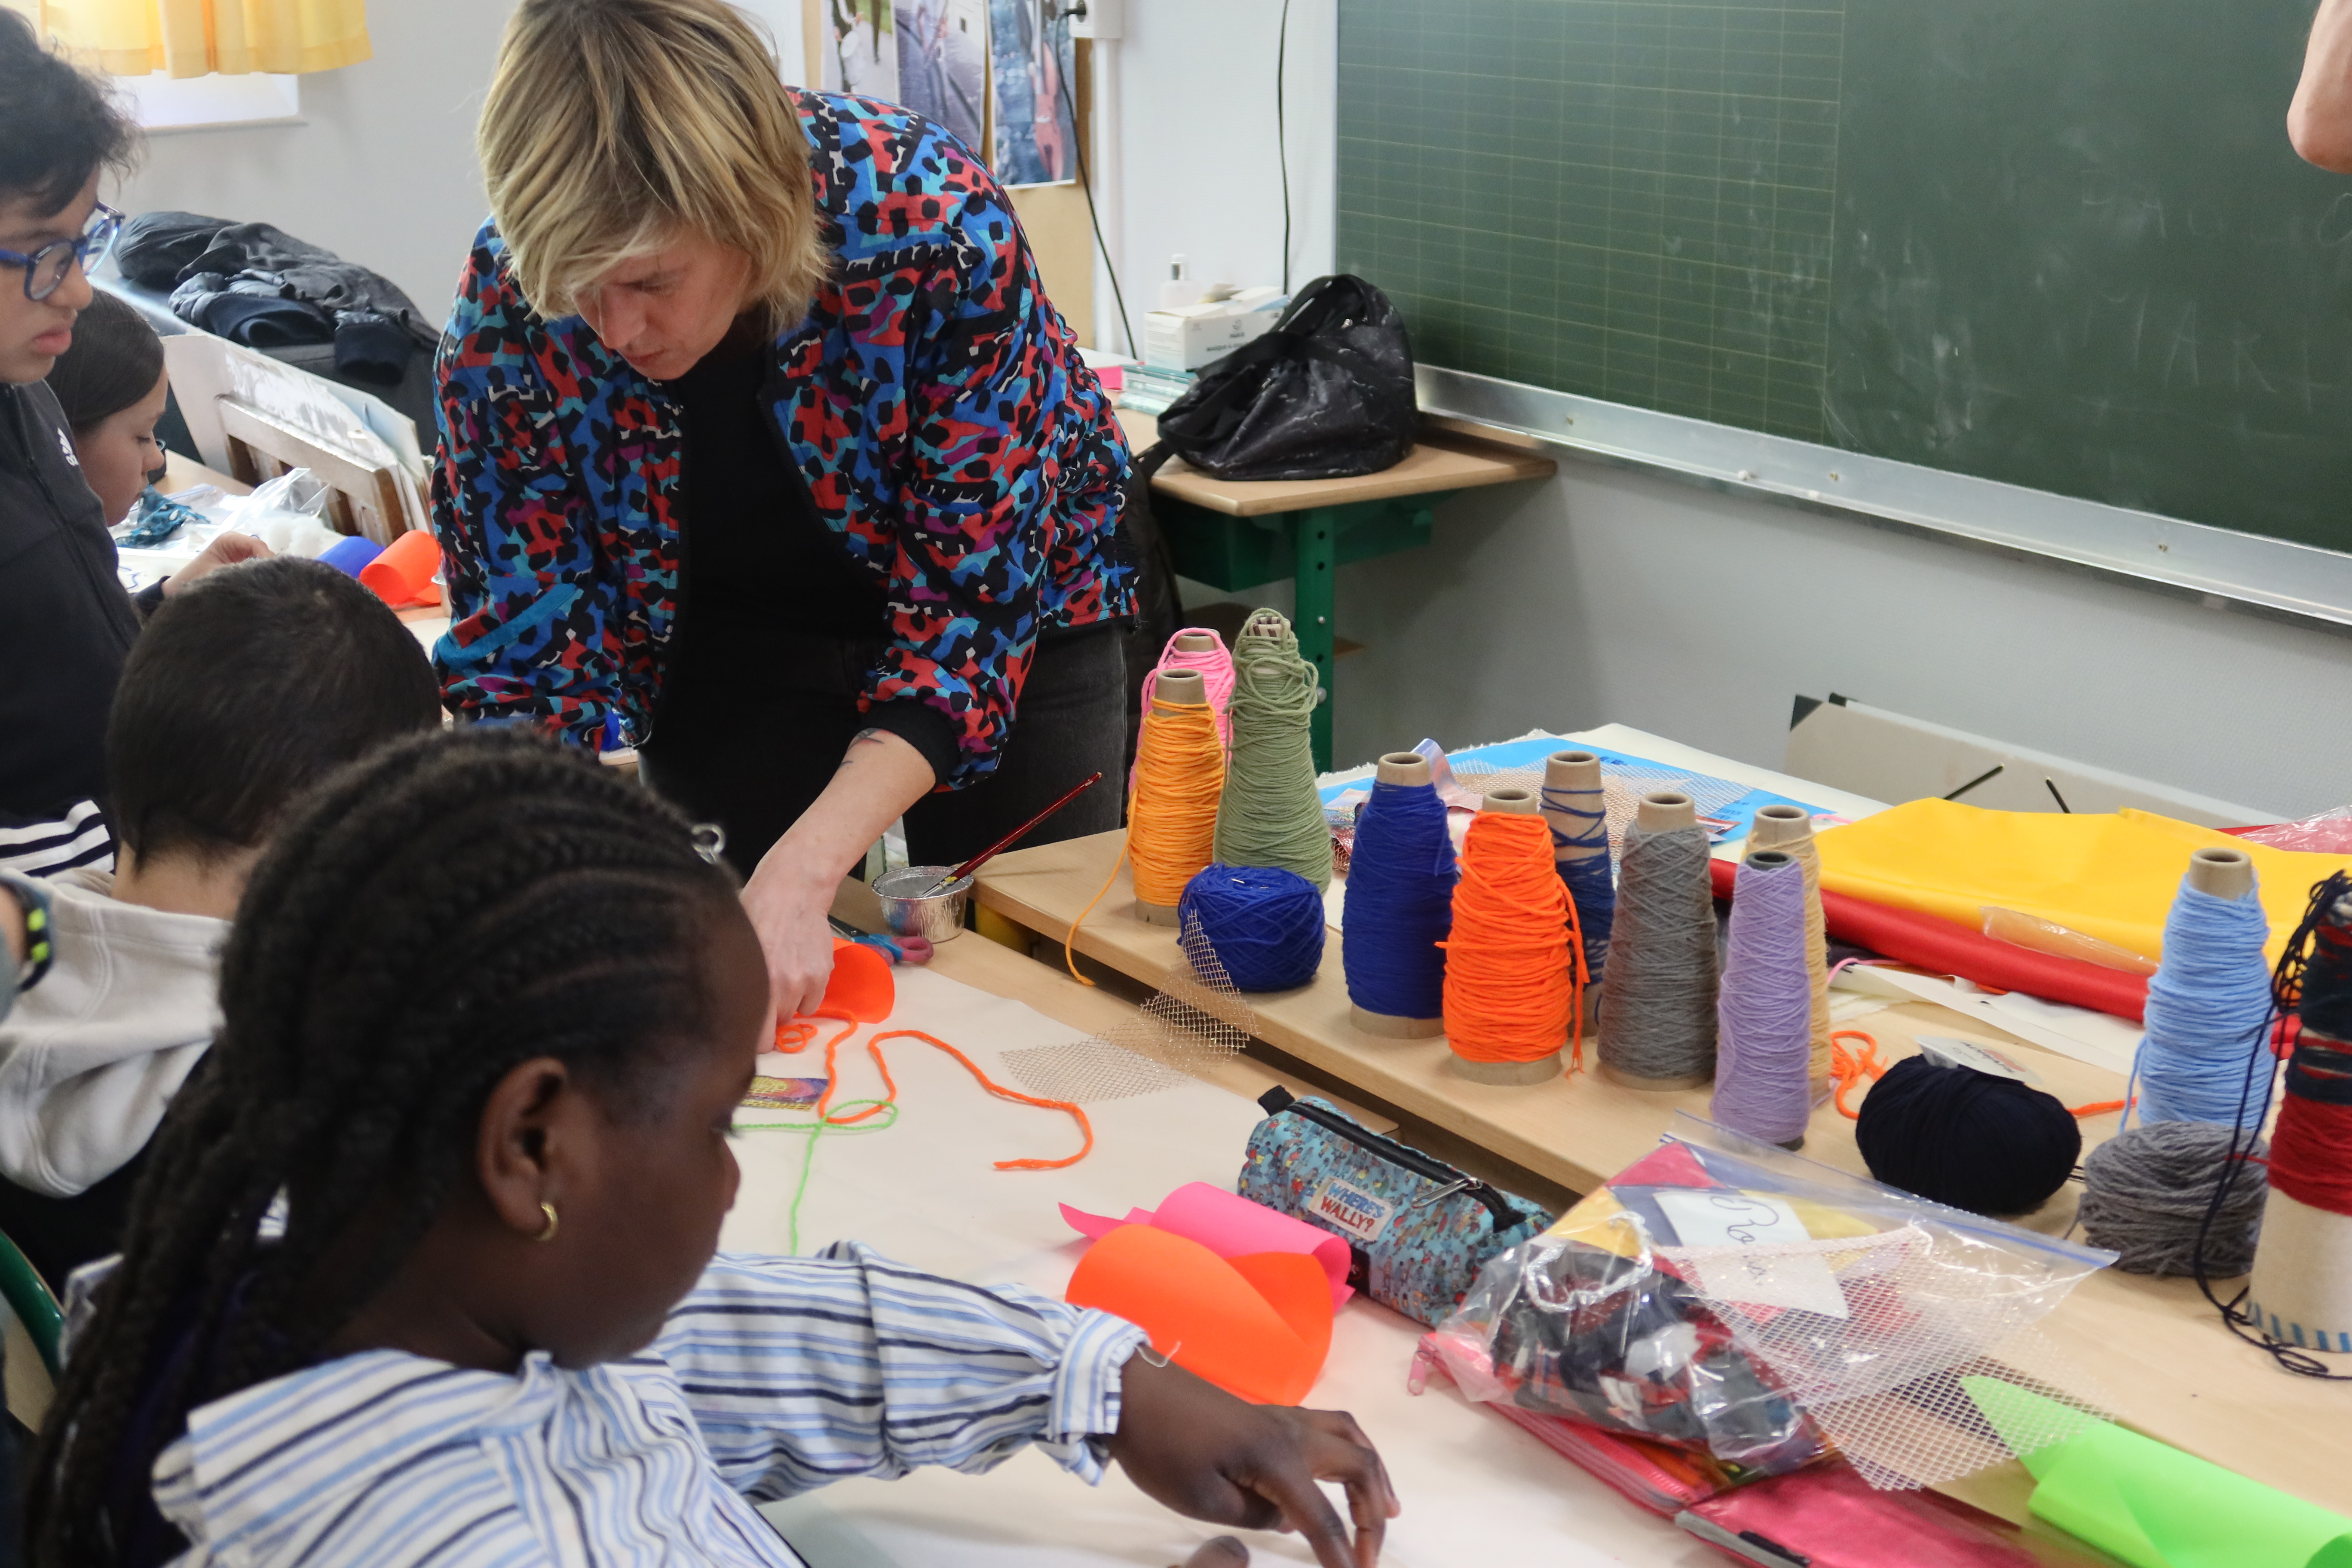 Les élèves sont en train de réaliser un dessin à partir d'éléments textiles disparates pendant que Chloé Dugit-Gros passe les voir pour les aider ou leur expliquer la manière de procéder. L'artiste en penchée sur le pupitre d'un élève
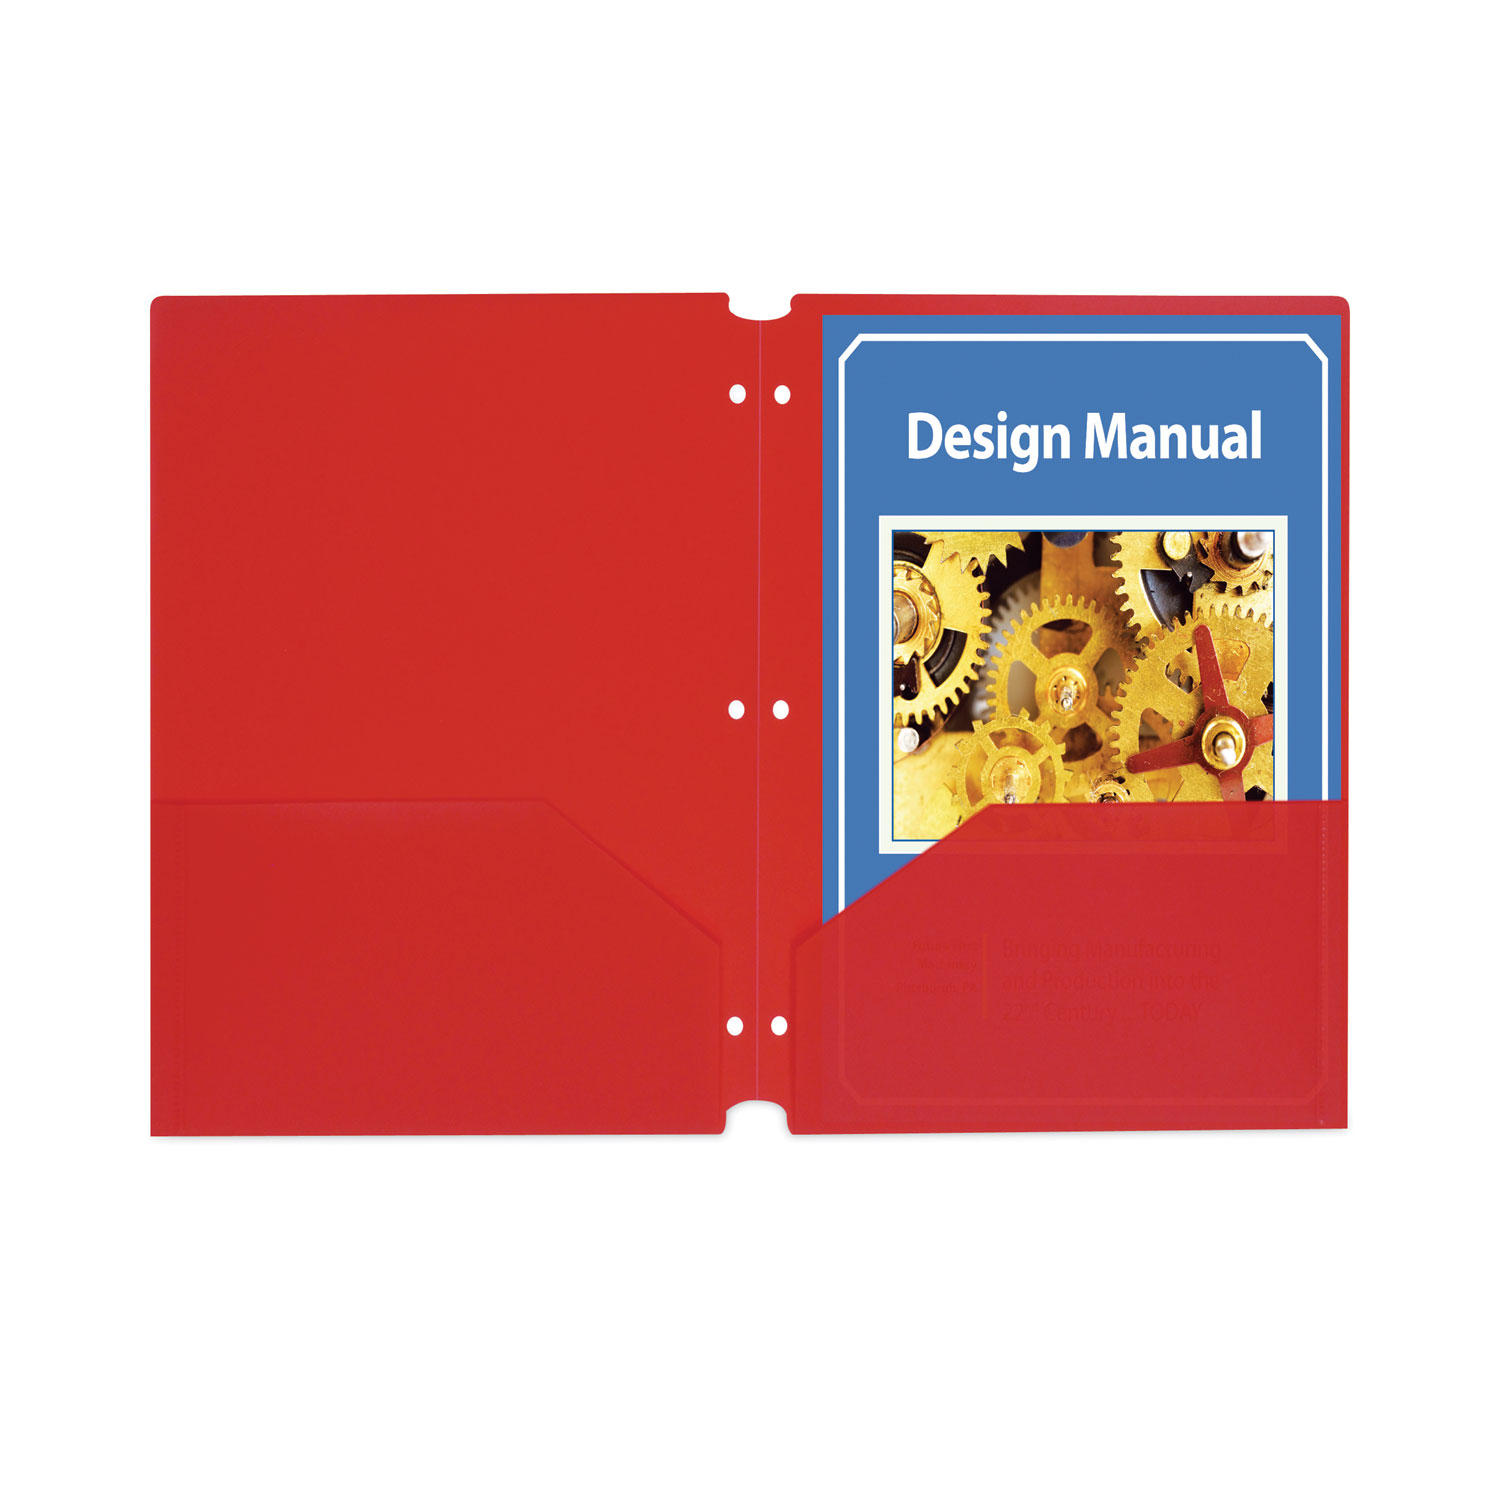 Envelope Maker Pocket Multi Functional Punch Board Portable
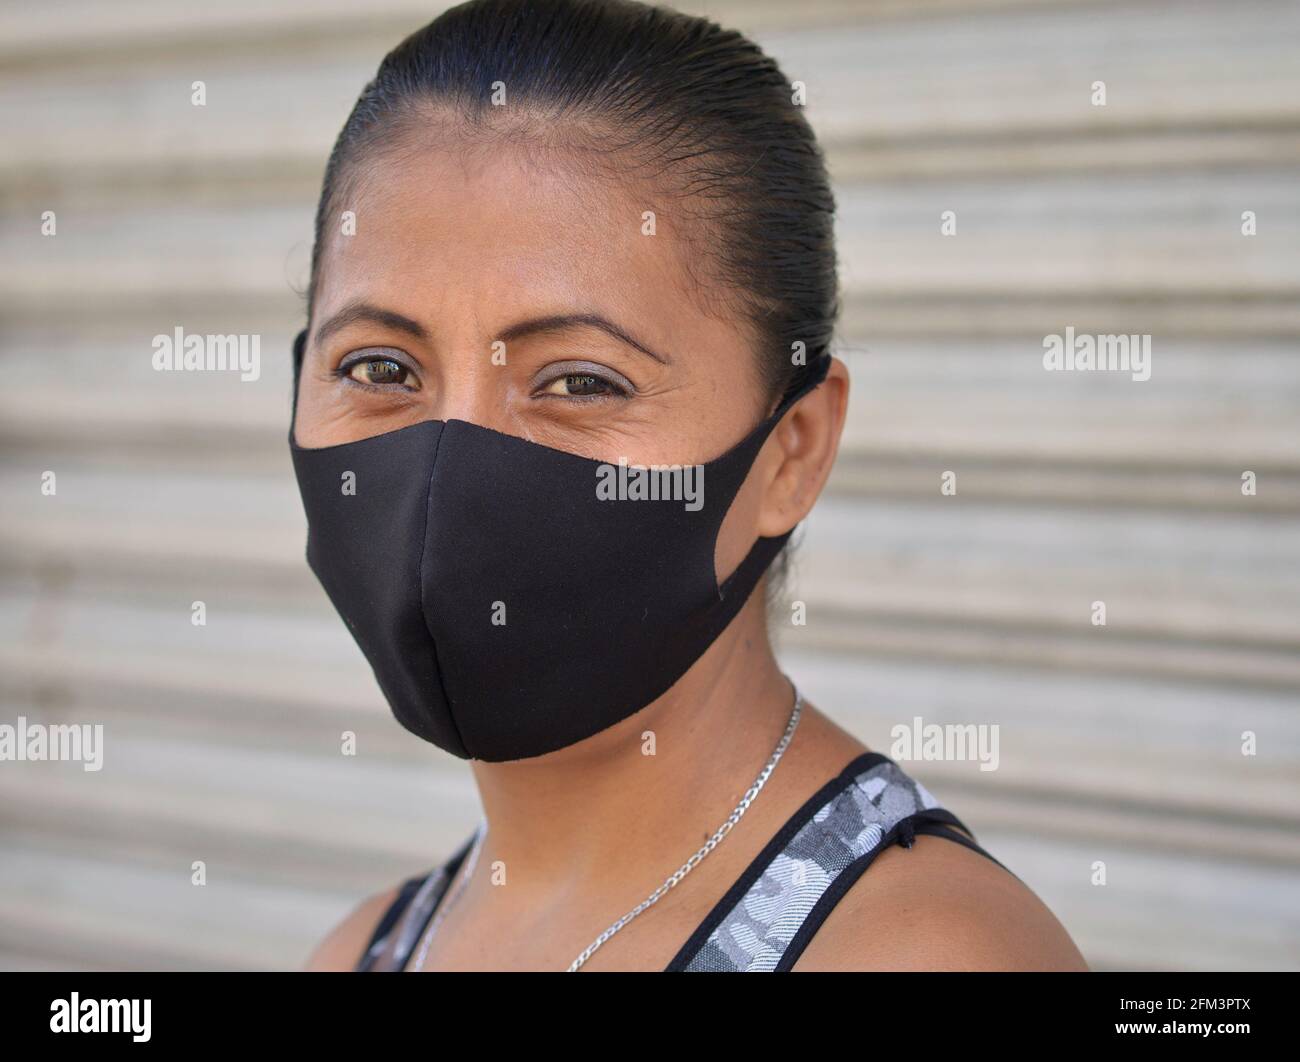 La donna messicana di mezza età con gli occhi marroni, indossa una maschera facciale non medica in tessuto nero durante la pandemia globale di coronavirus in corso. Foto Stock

________________

# WHAT IS REQUIRED
Each line above must be repeated exactly in the answer, with pictures omitted.

# TASK ANSWER
 Les élèves sont en train de réaliser un dessin à partir d'éléments textiles disparates pendant que Chloé Dugit-Gros passe les voir pour les aider ou leur expliquer la manière de procéder. L'artiste en penchée sur le pupitre d'un élève
 Envelope Maker Pocket Multi Functional Punch Board Portable
 La donna messicana di mezza età con gli occhi marroni, indossa una maschera facciale non medica in tessuto nero durante la pandemia globale di coronavirus in corso. Foto Stock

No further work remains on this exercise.